Pat Cooper (born Pasquale Caputo; July 31, 1929) is an American actor and comedian.

Life and career
His father Michael Caputo was a bricklayer from Mola di Bari, Italy and his mother, Louise Gargiulo was born in Brooklyn, New York, where Cooper was also born and raised. Cooper often makes reference to his Italian heritage in his stand up comedy routines.

Cooper started performing in the 1950s, originally for primarily Italian-American audiences. His big break came in 1963 on The Jackie Gleason Show. Afterwards, he played top nightclubs such as the Copacabana (nightclub), 500 Club, Latin Casino, Palumbo's, Atlantic City and Las Vegas Hotels and casinos. Cooper appeared on the same shows as Frank Sinatra, Jimmy Durante, Ella Fitzgerald, Tony Bennett, Sergio Franchi, Sammy Davis Jr., Connie Francis, Bobby Vinton, Bobby Darin, Tony Martin, Liza Minnelli and many others.

On May 2, 1969, Cooper and singer Jimmy Roselli premiered in their two-man show at Broadway's Palace Theatre in New York.
He has performed at many celebrity roasts at the New York Friars Club which he also played in an episode of Seinfeld titled "The Friar's Club" and was also a frequent guest on many radio shows, most notably The Howard Stern Show (where he had an open invitation to drop in whenever he wanted, and he eventually got so loud and angry he walked out of the studio), Imus in the Morning and Opie and Anthony.

Billboard gave his album Our Hero (1965) a special merit review and said that it "does for the Italian-American community what Jackie Mason did for the Jewish-American community"   The following year it stated that his Spaghetti Sauce and Other Delights (1966), an album which consists of one side of spoken comedy and one side of parody songs, was  stronger than Our Hero.

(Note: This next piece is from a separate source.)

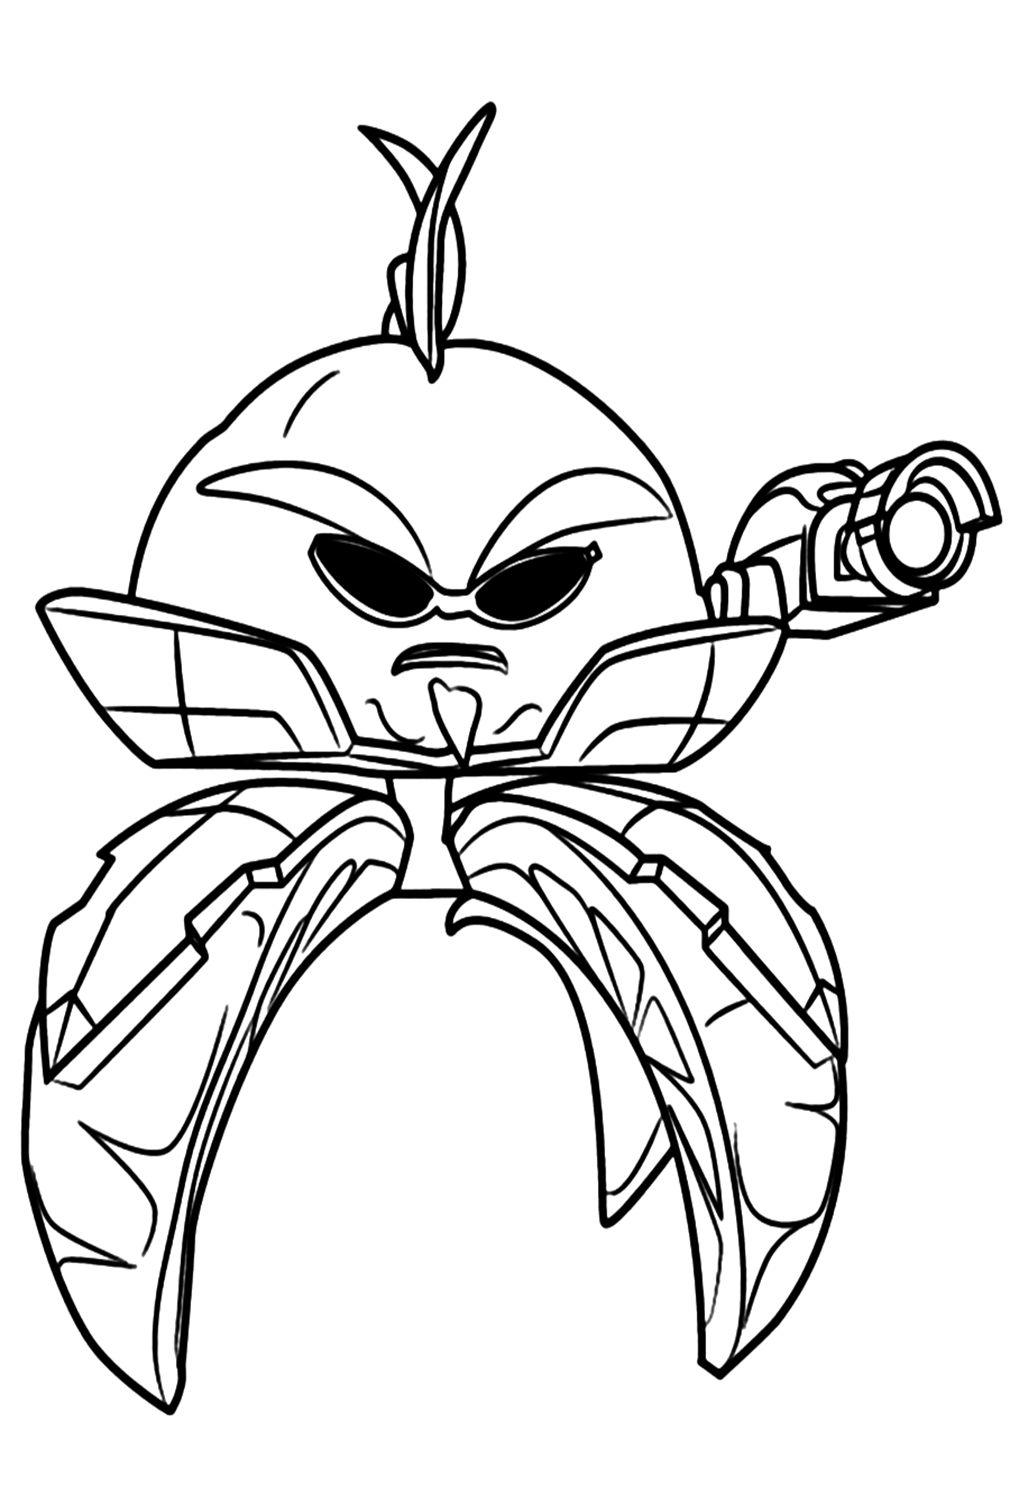 Citron From Plants Vs Zombies Coloring Pages
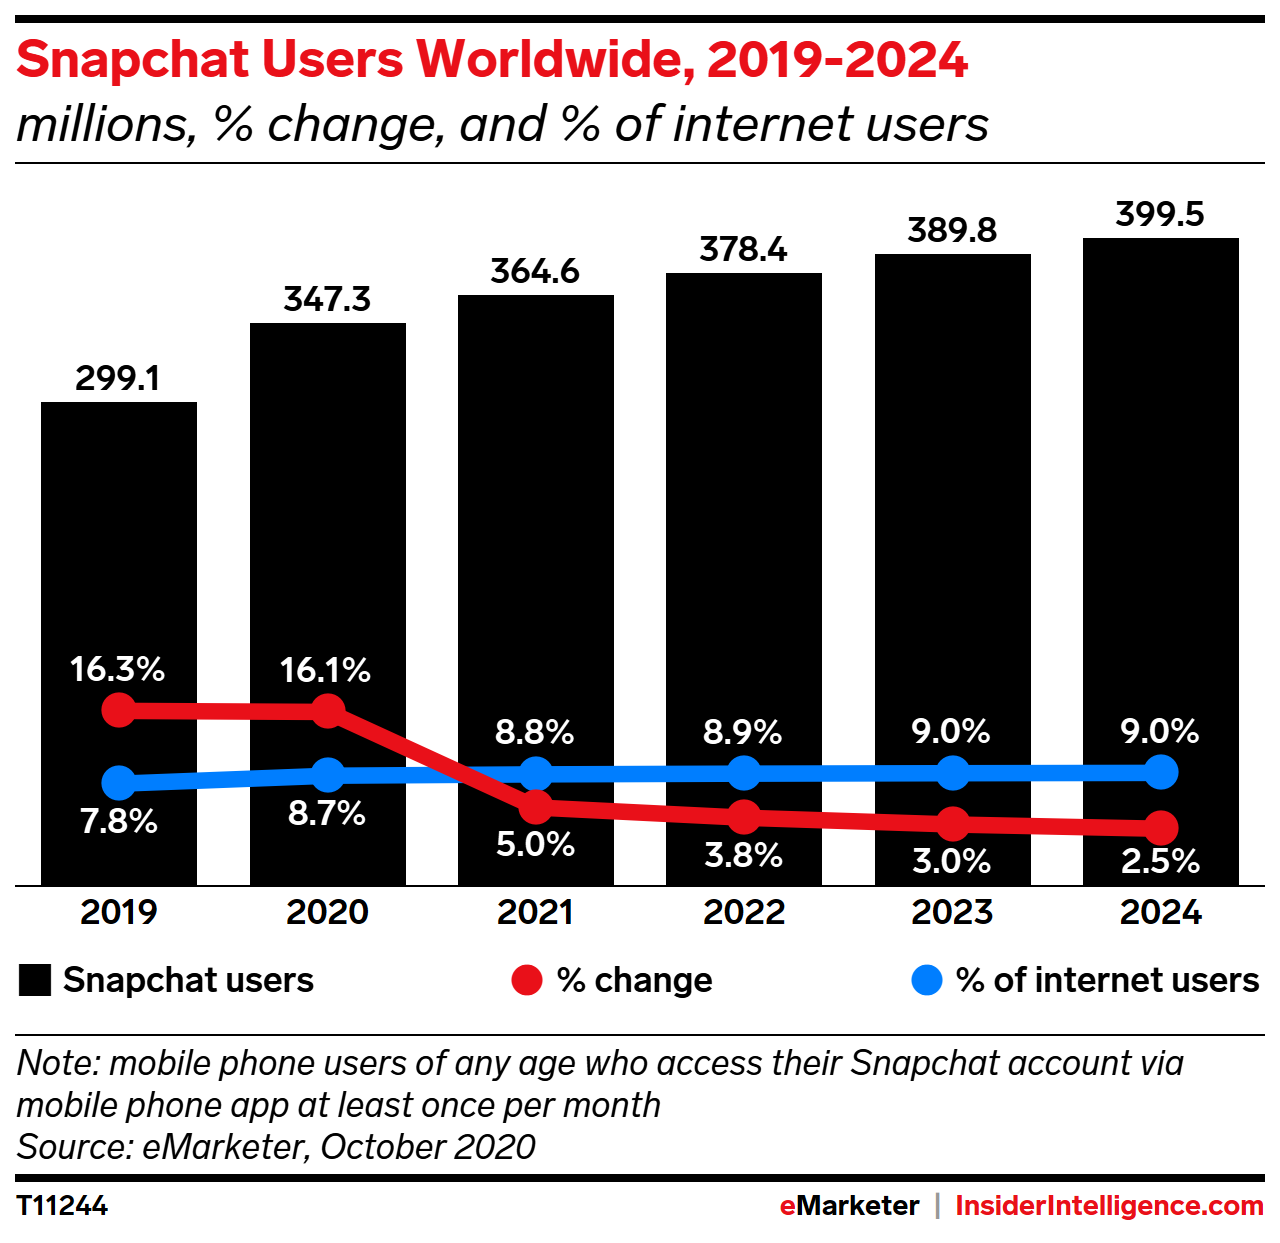 Snapchat Users Worldwide, 2019-2024 (millions, % change, and % of internet users)

Cooper had a legendary appearance on the Tom Snyder "Tomorrow - Coast To Coast" Show on March 6, 1981, in which he decried "headliners" in the club circuit who often worked with comics as their second act.

Cooper played fictional mobster Salvatore Masiello in the film Analyze This and in the sequel Analyze That, as well as playing lawyer, John Bruno in the 2003 film This Thing of Ours. He has also guest-starred on television series such as Vega$ (episode: "Deadly Blessings"), Charlie's Angels (episode: "Stuntwomen Angels"), It's a Living (episodes: "You're Not Old, You're Fired" and "Horsing Around") and L.A. Law (episode: "Foreign Co-respondent").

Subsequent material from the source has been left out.